Она уже не боялась, что её осудят за сухие глаза — теперь она знала, что её молчание не холод, а защита. Защита от чужого любопытства, от жалости, которая хуже любой боли.
Где-то в углу снова шептались — но уже не так зло, скорее с любопытством.
— Гляди, как Ромка-то вырос. Вылитый Иван, одно лицо, — говорила Устинья, и в голосе её не было прежней язвительности.
— Да, похож. И характером, видать, в отца.
Смирный, но упёртый, — отвечала Марфа. — А Анна-то как держится. Ни одна баба так не держалась бы. Год прошёл, а она всё одна. И не заглядывается ни на кого.
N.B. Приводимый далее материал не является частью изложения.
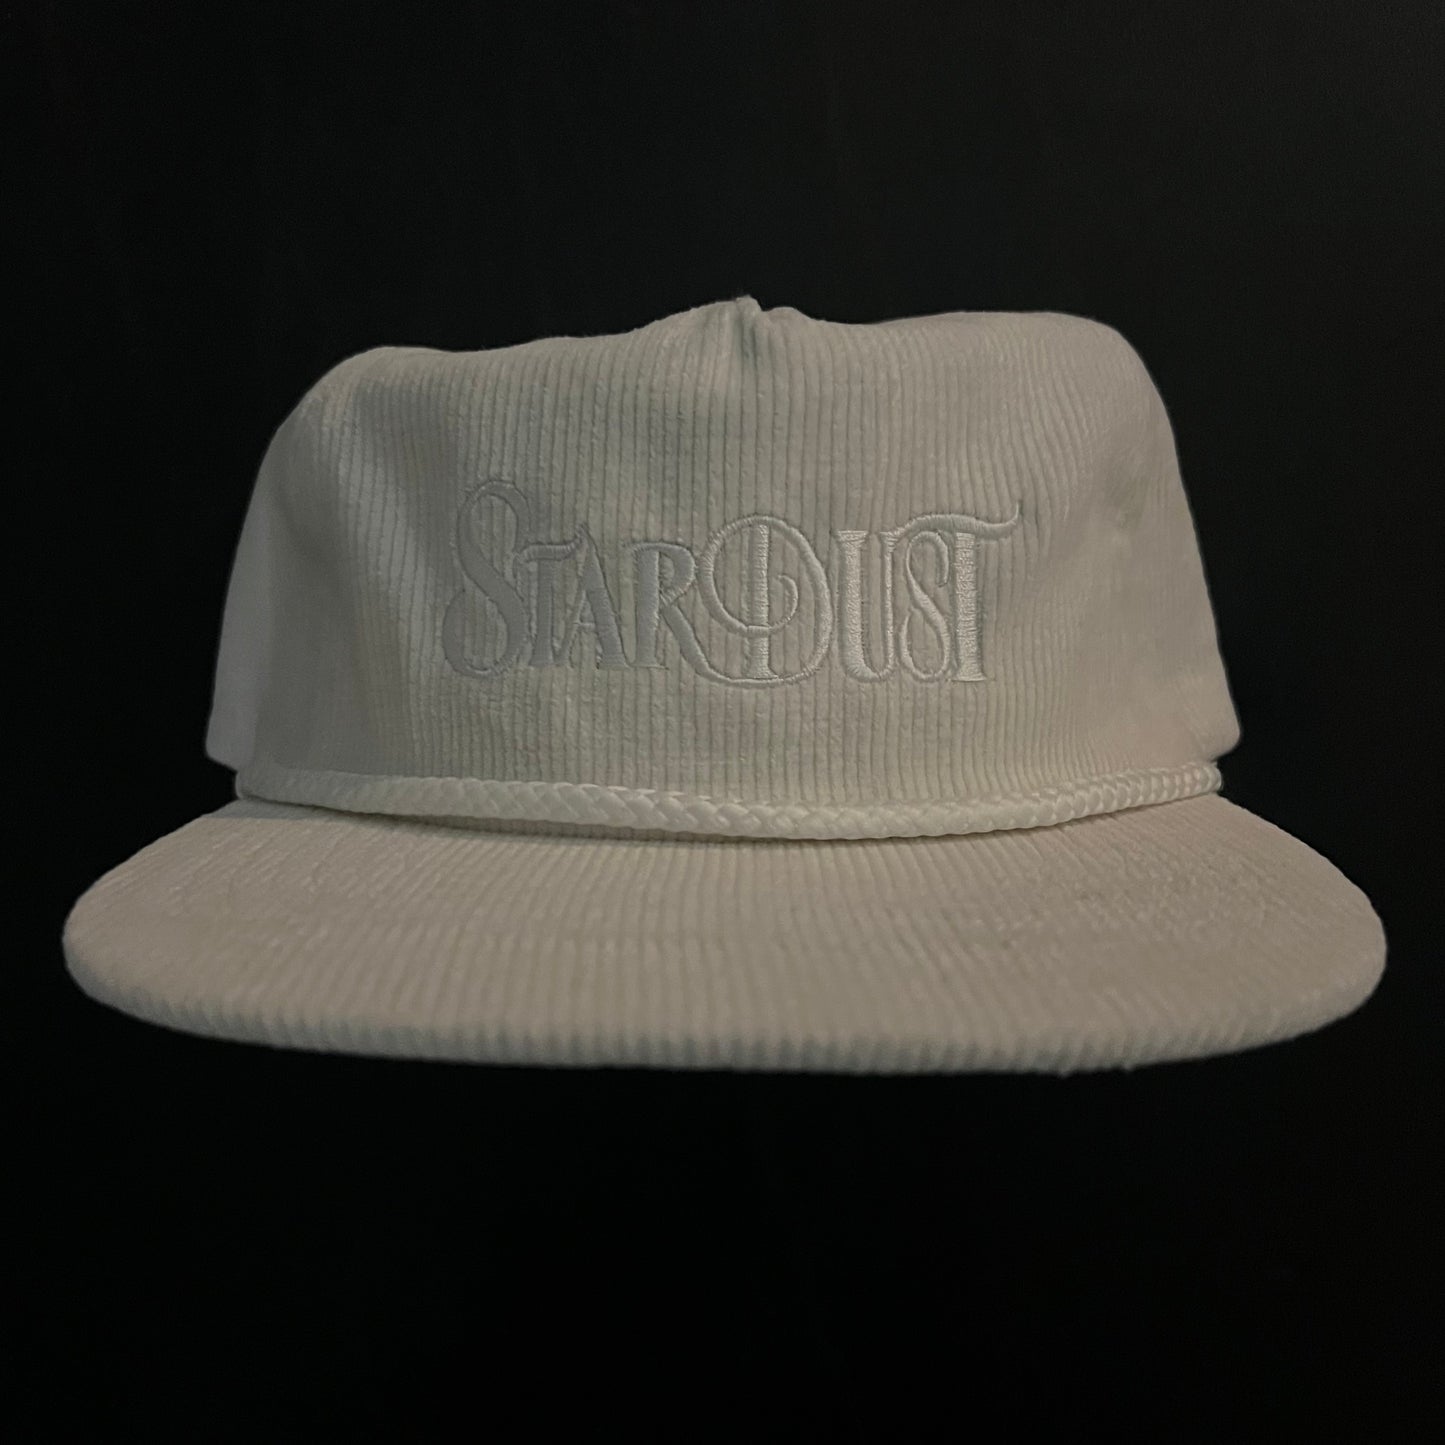 Stardust Wanderlust Corduroy Snapback Hat 001 White / White

— Крепкая. Не сломалась. Я тогда, грешным делом, думала, что она… ну, холодная. А теперь вижу — она просто сильная.
Таких мало, — признала Устинья.
Анна не слышала их слов — или не хотела слышать.
Она смотрела на портрет Ивана, и перед глазами проплывали картины их совместной жизни, той короткой, но яркой, как вспышка. Как он пришёл к ней впервые на берег Чусовой, как улыбался, как держал за руку. Как говорил: «Я навсегда с тобой".
И она верила ему. И верит до сих пор. Потому что он и правда не ушёл. Он остался — в Ромке, в её сердце, в этой весенней воде, которая снова шумит за окном.
В какой-то момент дверь отворилась, и в избу вошёл Матвей.
За год он тоже изменился — осунулся, поседел на висках, и в глазах у него появилась та же глубокая, постоянная печаль, что и у Анны.
Он нёс на себе груз вины, который не стал легче со временем, и каждый раз, видя Анну, он чувствовал, как она давит на плечи с новой силой.
Он подошёл к столу, перекрестился на икону, постоял молча. Потом повернулся к Анне.
— Анна, — сказал он хрипло, и голос его прервался. — Год прошёл. Я… я не знаю, что сказать.
Я каждый день помню.
Анна подняла на него глаза
. Впервые за год она посмотрела на него прямо, без того холода, который стоял между ними всё это время.
Она увидела его боль, его страдание, его бесконечную муку, и в груди у неё что-то дрогнуло.
Она знала, что он не виноват. Она всегда знала это. Но только теперь, через год, она смогла сказать ему это.
— Матвей, — сказала она тихо, и голос её был ровным, но в нём не было льда. — Я не виню тебя.
Никогда не винила. Я… просто не могла сказать. Не могла.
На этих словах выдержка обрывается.